I realize it is wrong to fault an author for not writing the novel you wish he’d written. Still, I couldn’t help being disappointed with the setting and the plot of The Free World, the first novel by the justly celebrated David Bezmozgis.

Bezmozgis, it should be mentioned, was one of the New Yorker’s “20 under 40” celebrated writers. The honorific will certainly follow Bezmozgis for the rest of his life. In his case, it happens to be one that is very much deserved. Bezmozgis’s first book of linked short stories, Natasha, was almost mind-numbingly beautiful in its concision and its stark splendor. His stories and non-fiction prose which have been published in various locales since Natasha (often in the New Yorker) have more than lived up to that first wonderful book.

Bezmozgis moved to Toronto with his family from Latvia as a child. In Natasha, he describes the life of a boy émigré from the former Soviet Union who one assumes is very much like Bezmozgis himself. Through a series of relatively mundane yet without exception heartbreaking, mesmerizing stories, the boy protagonist of Natasha learns to live in a world in which he is, in some ways, the link between the new and the old, the “translator” and “interpreter” of the world around him for both his parents and himself.

I had hoped that The Free World would continue, or at least in some way expand upon, the world that Bezmozgis created so compellingly in Natasha. Instead, though, of moving forward in The Free World, Bezmozgis in his first novel quite literally takes a step back. While the characters in the novel are, as in Natasha, a family of Soviet émigrés, and while this family is planning on moving to North America, the entirety of the novel takes place in Italy, where the family waits for permission to move to the Free World referenced in the book’s title.

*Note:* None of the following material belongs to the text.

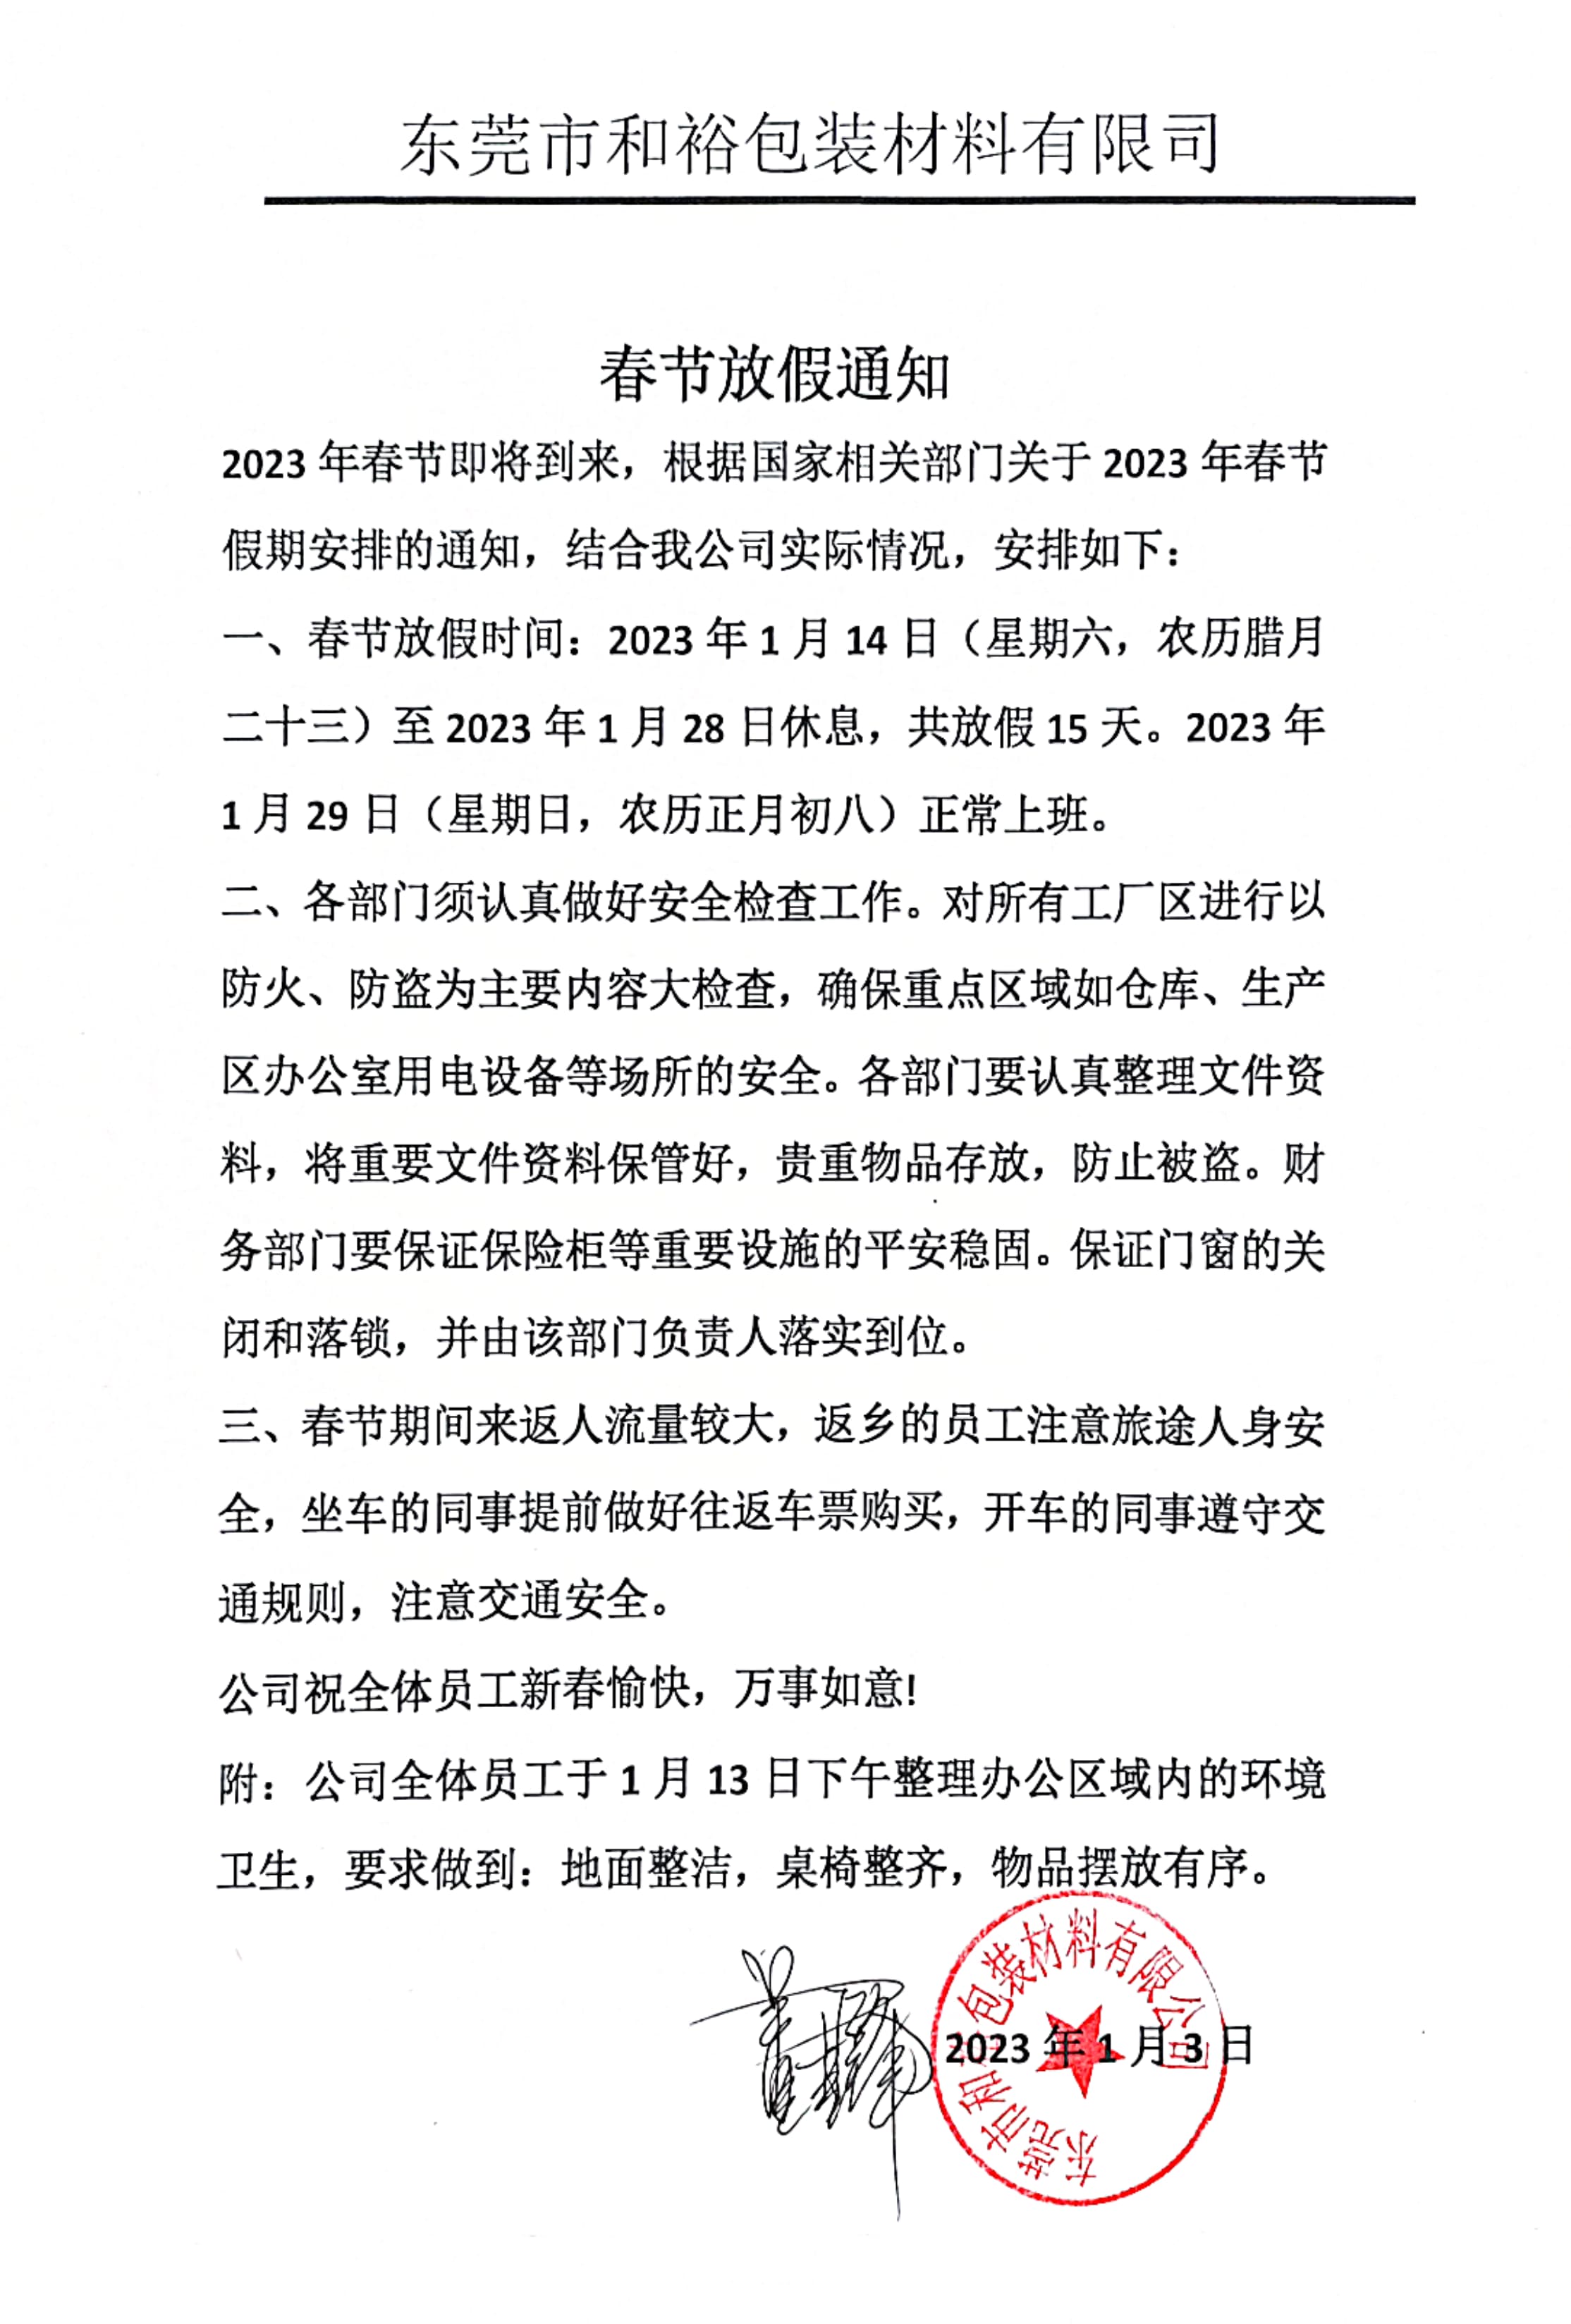 上海2023年和裕包装春节放假通知

Apparently, the first stop for many Soviet Jews after leaving the Soviet Bloc was Italy. Italy then became a sort of holding pen for the homeless Jews, who hoped to obtain visas while there that would allow them to move on to the non-European English speaking West (America, Canada, Australia). In a sense, Italy – a Western country with what the book describes as large-scale corruption and a large socialist population – was for Soviet Jews a sort of foyer or entrance hall to the Free World, a semblance of the thing, but not the thing itself.

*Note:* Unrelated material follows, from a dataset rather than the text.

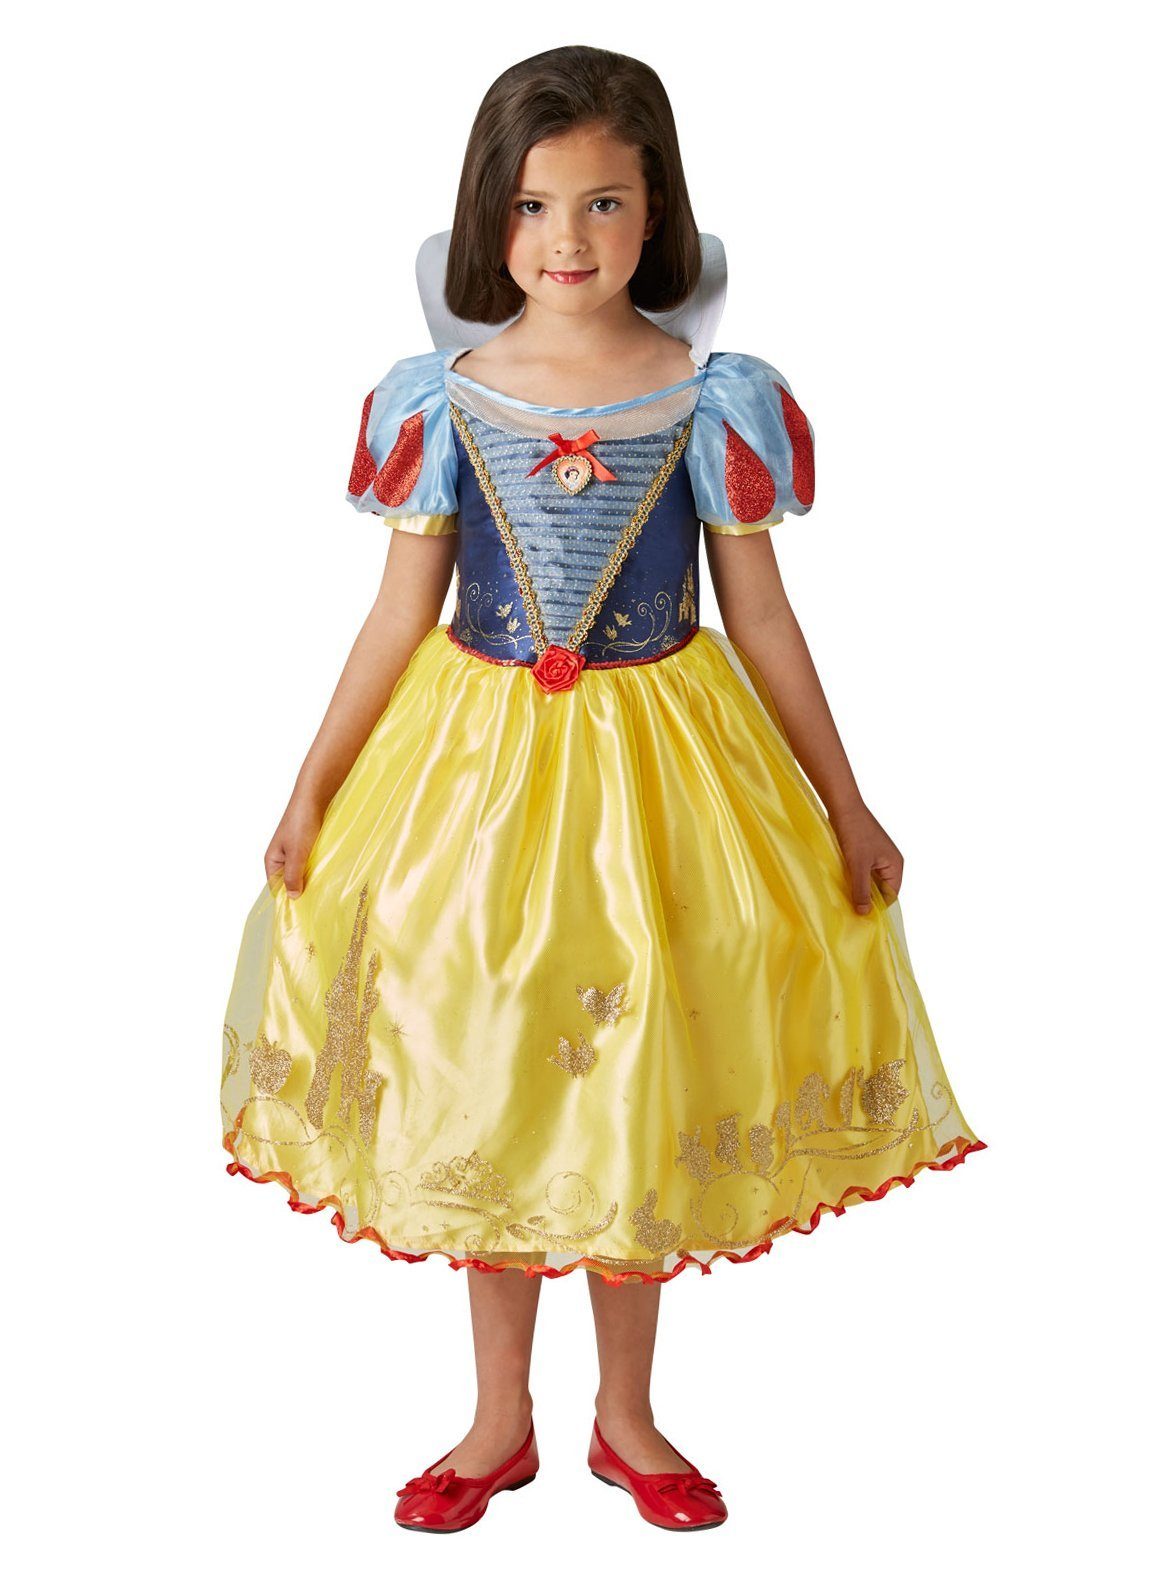 Rubie´s Kostüm Disney Prinzessin Schneewittchen Kinderkostüm, Bezauberndes Märchenkleid mit vielen Details

This was the case with the Krasnansky’s, the family depicted in The Free World. The Krasnansky’s are a sprawling clan. Their patriarch, Samuil, is a communist to his very core. Samuil had had a relatively powerful position and cushy bureaucratic life in theSoviet Union before his two children, Alec and Karl, ruined his idyll by announcing their intentions to leave for the West. Unlike most Soviet Jews, the Krasnansky’s – Alec and Karl included – seemed to have a relatively pleasant life in the Soviet Union. Due to Samuil’s position in the Communist Party, Alec and Karl lived easy lives, womanizing and enjoying themselves while remaining seemingly immune to the anti-Semitism and hardship that surrounded many of their contemporaries.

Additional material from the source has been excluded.